Some even share the view that capital punishment is hypocritical because punishing with death differs only narrowly (by moral standards) from murder itself. This sets an appalling example and is even against many religions whose belief is that G/d is the only person who should have the decision to take life, not the State. Bearing all this in mind, one is lead to pose the question; what sort of person would want to be a hangman and bear the brunt of so many moral and religious issues?

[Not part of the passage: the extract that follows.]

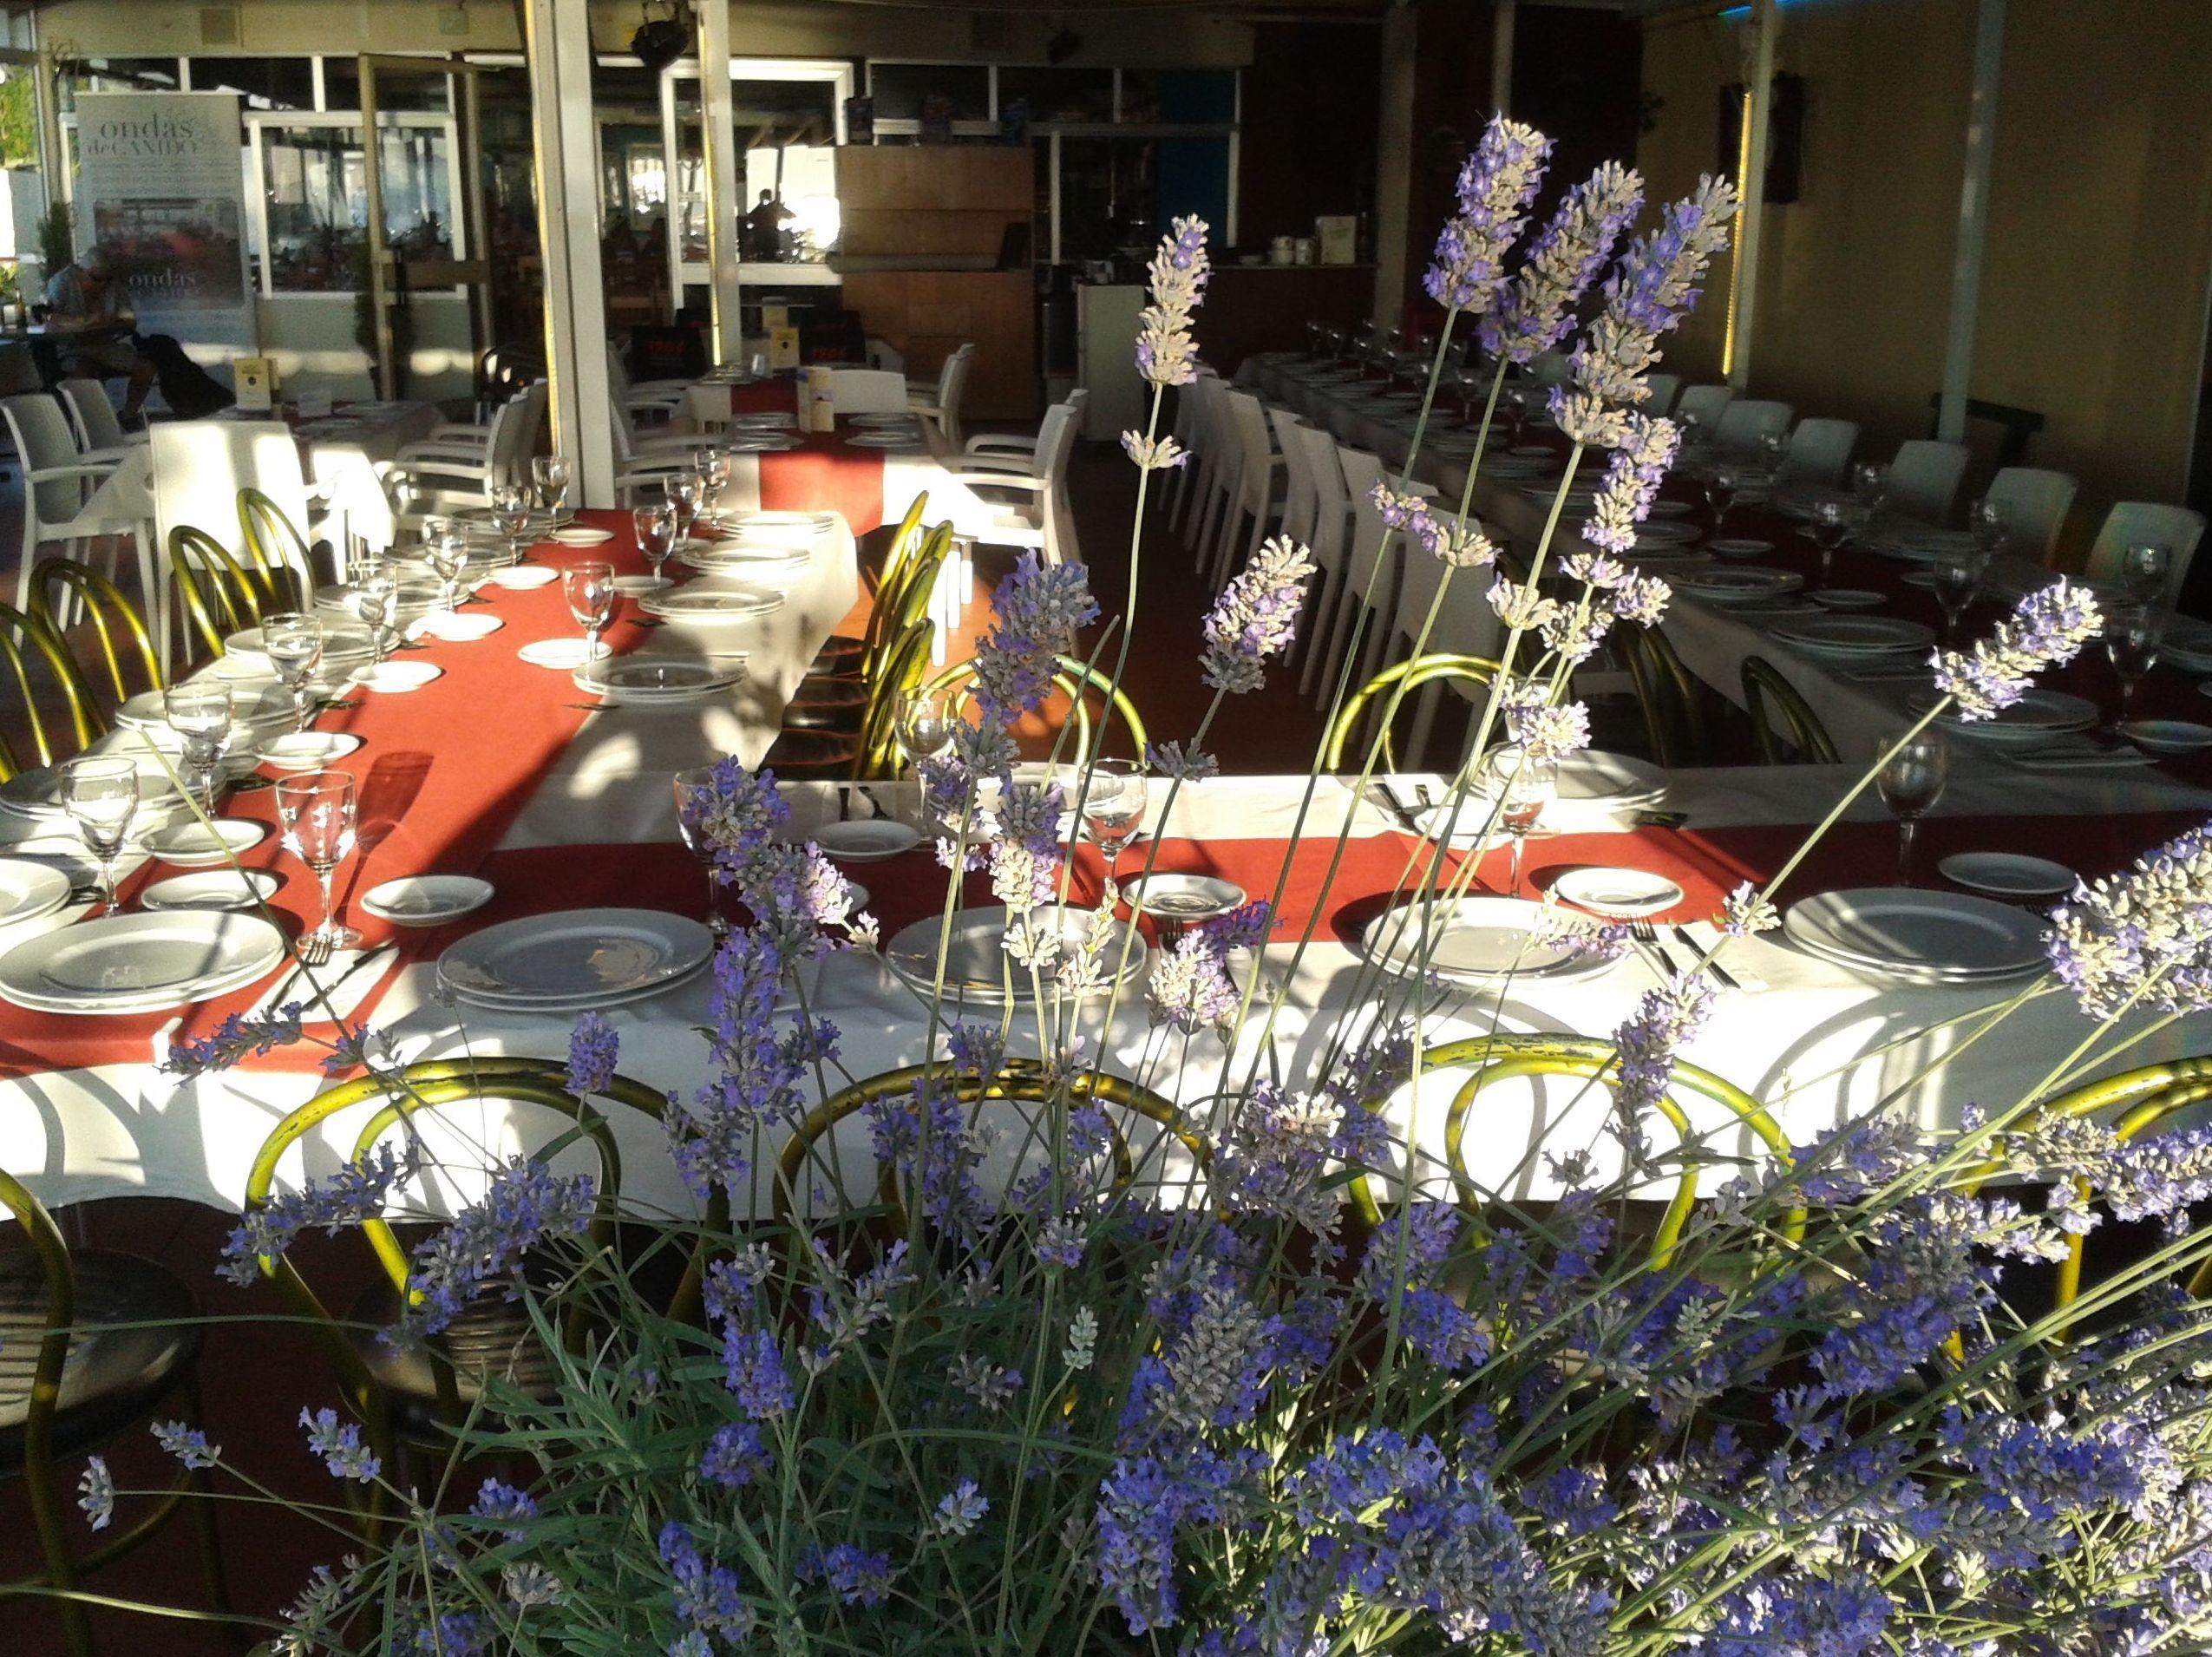 Foto 10 de Restaurante en vigo | Ondas de Canido

The Government at the time (Mid 50’s) was greatly in favour of the death sentence (partly because the only acceptable alternative was a life sentence which appeared to have many disadvantages) and in an attempt , mainly to block a Bill which was trying to be passed by the abolitionists, the Homicide Act 1957 was finally passed. This bill altered the nature of punishment for murders while retaining the death penalty for certain Capital crimes. The Act’s main purpose was to ‘limit the scope of Capital Punishment’ (Queen Elizabeth). In spite of the perceived problems with a life sentence ( which I will detail later) the Act did in fact produce a mandatory life sentence for specific types of murder and, so we finally see the beginning of the life sentence in it’s modern form as we know it today.
As previously mentioned the Homicide Act 1957 was in part a political ‘trick’ to prevent the abolition of Capital Punishment, but the abolitionists, lead primarily by Sydney Silverman were not ready to surrender. In 1964 Sydney Silverman presented the Murder (Abolition of the Death Penalty) Bill to the House of Commons. After a tiresome period of debates in both the Commons and the Lords, and a great number of amendments, on the 8th November 1965 Silverman’s Bill received the Royal Assent and was passed. During one of the committee stages an amendment was made which limited the Act to a five year period rather than it being permanent. At the end of this trial period the Act was again brought forward for debate in both Houses. It was noted that during the experimental five years (1965-1969) the lifer population in prisons had increased by approximately four hundred. (Cullen and Newell) It was realised that a mandatory life sentence was going to place a heavy financial burden on the state, a burden which had not been predicted. In spite of the aforementioned it seemed that the overall majority did not want to see the return of the death penalty and following another lengthy parliamentary debate the Act was made permanent. The Lord Chancellor, Gerald Gardiner expressed his view that ‘…human beings who were not infallible ought not to choose a form of punishment that was irrevocable.’ (Block and Hostettler)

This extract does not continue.